Argo Workflow Pipeline Template

Pipeline templates are stored as Argo Workflow YAML in a Git repository. AI Core syncs the repository and registers each WorkflowTemplate as an executable pipeline. The template below defines a training container with GPU support and structured input/output artefact paths.

workflows/training-pipeline.yaml
# workflows/training-pipeline.yaml
# Stored in Git — AI Core syncs this automatically (GitOps)
apiVersion: argoproj.io/v1alpha1
kind: WorkflowTemplate
metadata:
  name: fraud-detection-training
  annotations:
    scenarios.ai.sap.com/description: "Fraud detection model training pipeline"
    scenarios.ai.sap.com/name: "Fraud Detection"
    executors.ai.sap.com/v1: '[{"name":"fraud-training","image":"<registry>/fraud-trainer:1.0"}]'
    labels.ai.sap.com/version: "1.0.0"
spec:
  templates:
    - name: fraud-detection-training
      inputs:
        parameters:
          - name: learning_rate
            default: "0.001"
          - name: batch_size
            default: "64"
          - name: epochs
            default: "50"
        artifacts:
          - name: training-data
            path: /data/train
      outputs:
        artifacts:
          - name: trained-model
            path: /output/model
            archive:
              none: {}
      container:
        image: "{{workflow.parameters.executors.fraud-training.image}}"
        command: [python, train.py]
        args:
          - "--learning-rate={{inputs.parameters.learning_rate}}"
          - "--batch-size={{inputs.parameters.batch_size}}"
          - "--epochs={{inputs.parameters.epochs}}"
          - "--data-path=/data/train"
          - "--output-path=/output/model"
        resources:
          requests:
            memory: "4Gi"
            cpu: "2"
          limits:
            nvidia.com/gpu: "1"   # Request GPU for training
The scenarios.ai.sap.com and executors.ai.sap.com annotations are SAP AI Core metadata annotations required for template registration.
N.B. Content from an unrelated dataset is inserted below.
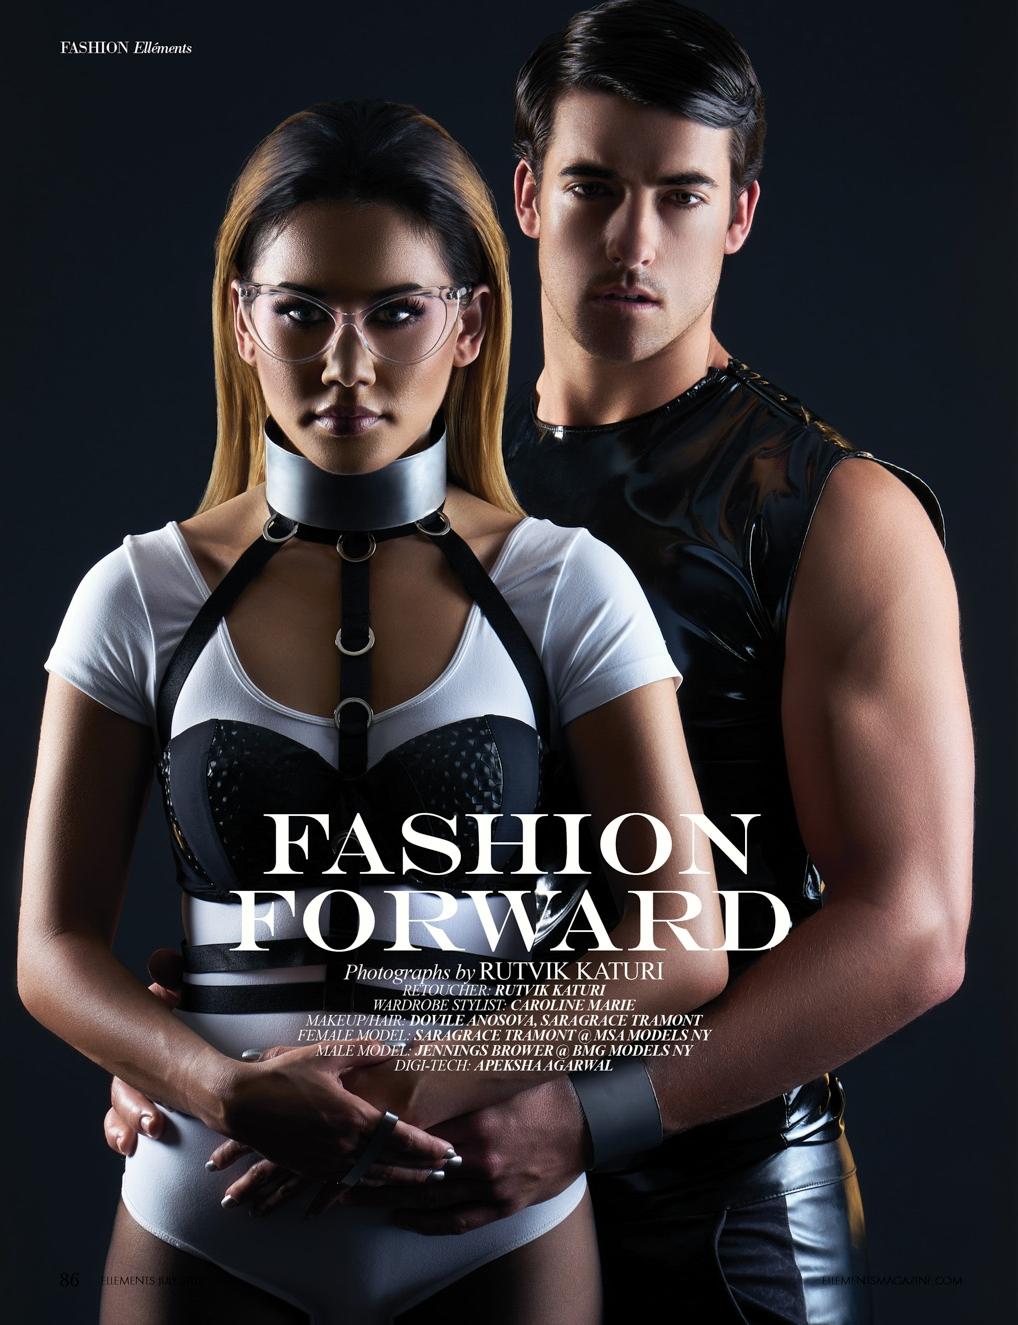 Rutvik Katuri - Fashion Forward: Editorial for Elléments

Without them, AI Core ignores the YAML file during sync.

Triggering Training Executions

training_execution.py
from ai_core_sdk.models import ExecutionCreationRequest, ParameterBinding

# Trigger a training execution
execution = client.execution.create(
    resource_group_id="production-team-a",
    body=ExecutionCreationRequest(
        configuration_id="fraud-detection-v2-config",
    ),
)
print(f"Execution started: {execution.id} — status: {execution.status}")

# Poll for completion (production use: implement proper event loop / webhook)
import time

while True:
    status = client.execution.get(
        execution_id=execution.id,
        resource_group_id="production-team-a",
    )
    print(f"  Status: {status.status}")
    if status.status in ("COMPLETED", "DEAD", "STOPPED"):
        break
    time.sleep(30)

# Stream execution logs
logs = client.execution.query_logs(
    execution_id=execution.id,
    resource_group_id="production-team-a",
    start="2025-01-01T00:00:00Z",
)
for log in logs.data.result:
    print(f"[{log.timestamp}] {log.msg}")

Model Deployment & Inference

deployment.py
from ai_core_sdk.models import DeploymentCreationRequest

# Create an inference deployment from a registered model
deployment = client.deployment.create(
    resource_group_id="production-team-a",
    body=DeploymentCreationRequest(
        configuration_id="fraud-detection-serving-config",
    ),
)
print(f"Deployment ID: {deployment.id}")

# Wait for deployment to reach RUNNING state
import time

while True:
    d = client.deployment.get(
        deployment_id=deployment.id,
        resource_group_id="production-team-a",
    )
    print(f"  Deployment status: {d.status}")
    if d.status == "RUNNING":
        print(f"  Inference URL: {d.deployment_url}")
        break
    if d.status in ("DEAD", "STOPPED"):
        raise RuntimeError(f"Deployment failed: {d.status}")
    time.sleep(15)

# Call the inference endpoint
import requests

token = client._get_token()   # Reuse SDK token helper
inference_url = f"{d.deployment_url}/v1/models/fraud-detector:predict"

response = requests.post(
    inference_url,
    headers={
        "Authorization": f"Bearer {token}",
        "Content-Type": "application/json",
        "AI-Resource-Group": "production-team-a",
    },
    json={
        "instances": [
            {"amount": 4500.00, "merchant": "ONLINE_RETAIL", "location": "DE"}
        ]
    },
    timeout=30,
)
print(response.json())
# { "predictions": [{"fraud_probability": 0.03, "label": "LEGITIMATE"}] }

AI API — REST Reference

All SDK operations map directly to REST endpoints. The base URL follows the patternhttps://api.ai.<region>.ml.hana.ondemand.com/v2. Authentication uses a standard OAuth 2.0 client credentials flow against the BTP UAA tenant.

ai-api-examples.sh
### AI API — REST Examples (curl)
### Base URL: https://api.ai.<region>.ml.hana.ondemand.com/v2

# 1. List resource groups
curl -X GET \
  "https://api.ai.prod.eu-central-1.aws.ml.hana.ondemand.com/v2/admin/resourceGroups" \
  -H "Authorization: Bearer ${AI_CORE_TOKEN}"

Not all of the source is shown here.